Alan Milburn, the Health Secretary, admitted yesterday that rationing of health care in the NHS was unavoidable but ruled out introducing charges for treatment or private insurance.

Breaking with a decades-old tradition, Mr Milburn became the first Secretary of State to use the "R" word, carefully avoided by his predecessors, but insisted every health care system in the world had to make choices.

He promised to end the "lottery of care" generated by the pick-and-mix system of postcode prescribing and replace it with a fairer, rational system based on a scientific assessment of what worked.

Setting out his plans to the first conference of the National Institute of Clinical Excellence (NICE) in Harrogate, Mr Milburn sought to put clear water between Labour and Tory policies on the NHS by insisting its needs could be met from taxation without resort to charges or private insurance.

His remarks came as doctors' leaders meeting at the British Medical Association yesterday called for a no-holds barred review of funding for the NHS. They joined a growing cacophony of voices, led by the opposition, insisting that the demands on the NHS are increasingly outstripping the Treasury's capacity to fund it.

But Mr Milburn rejected the claim and insisted charges would fall on the elderly and the young, who had most need of the NHS but who could least afford to pay, while private insurance would be affordable only for those least likely to claim on it.

"The NHS is both fairer and more efficient than the privatised alternative.

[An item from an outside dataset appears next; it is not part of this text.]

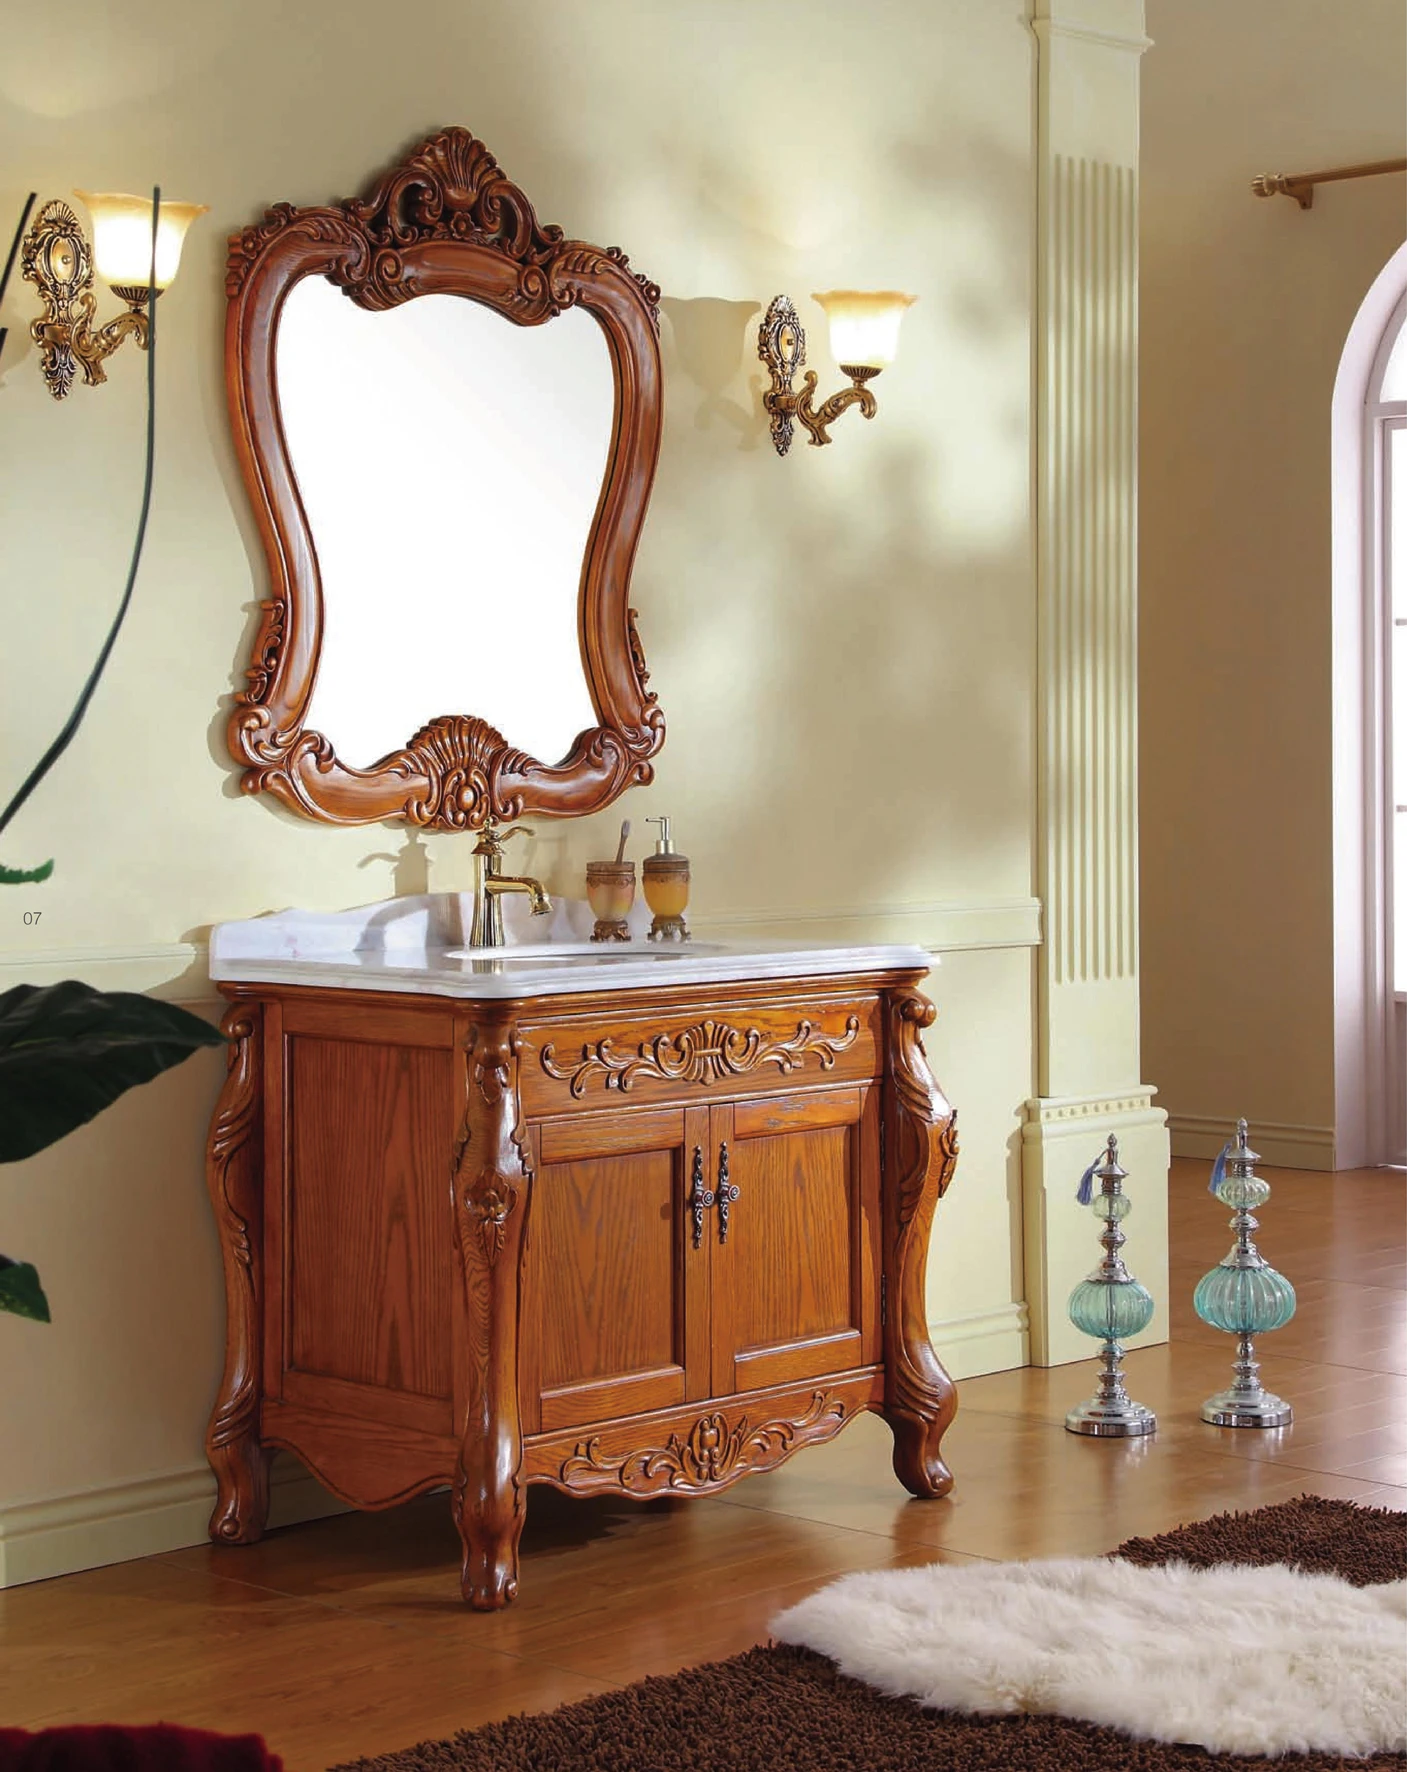 Foshan Space Under Sink Wooden Bathroom Vanity Cabinet with Mirror

We reject the private option as intrinsically flawed," he said.

The NHS could not provide everything it was theoretically possible to provide, even if the whole of the UK's Gross Domestic Product were spent on it but to call that "rationing" was meaningless, he said. "What is true is that the NHS, just like every other health care system in the world has to set priorities and make choices. The issue is not whether there are choices to be made but how those choices are to be made."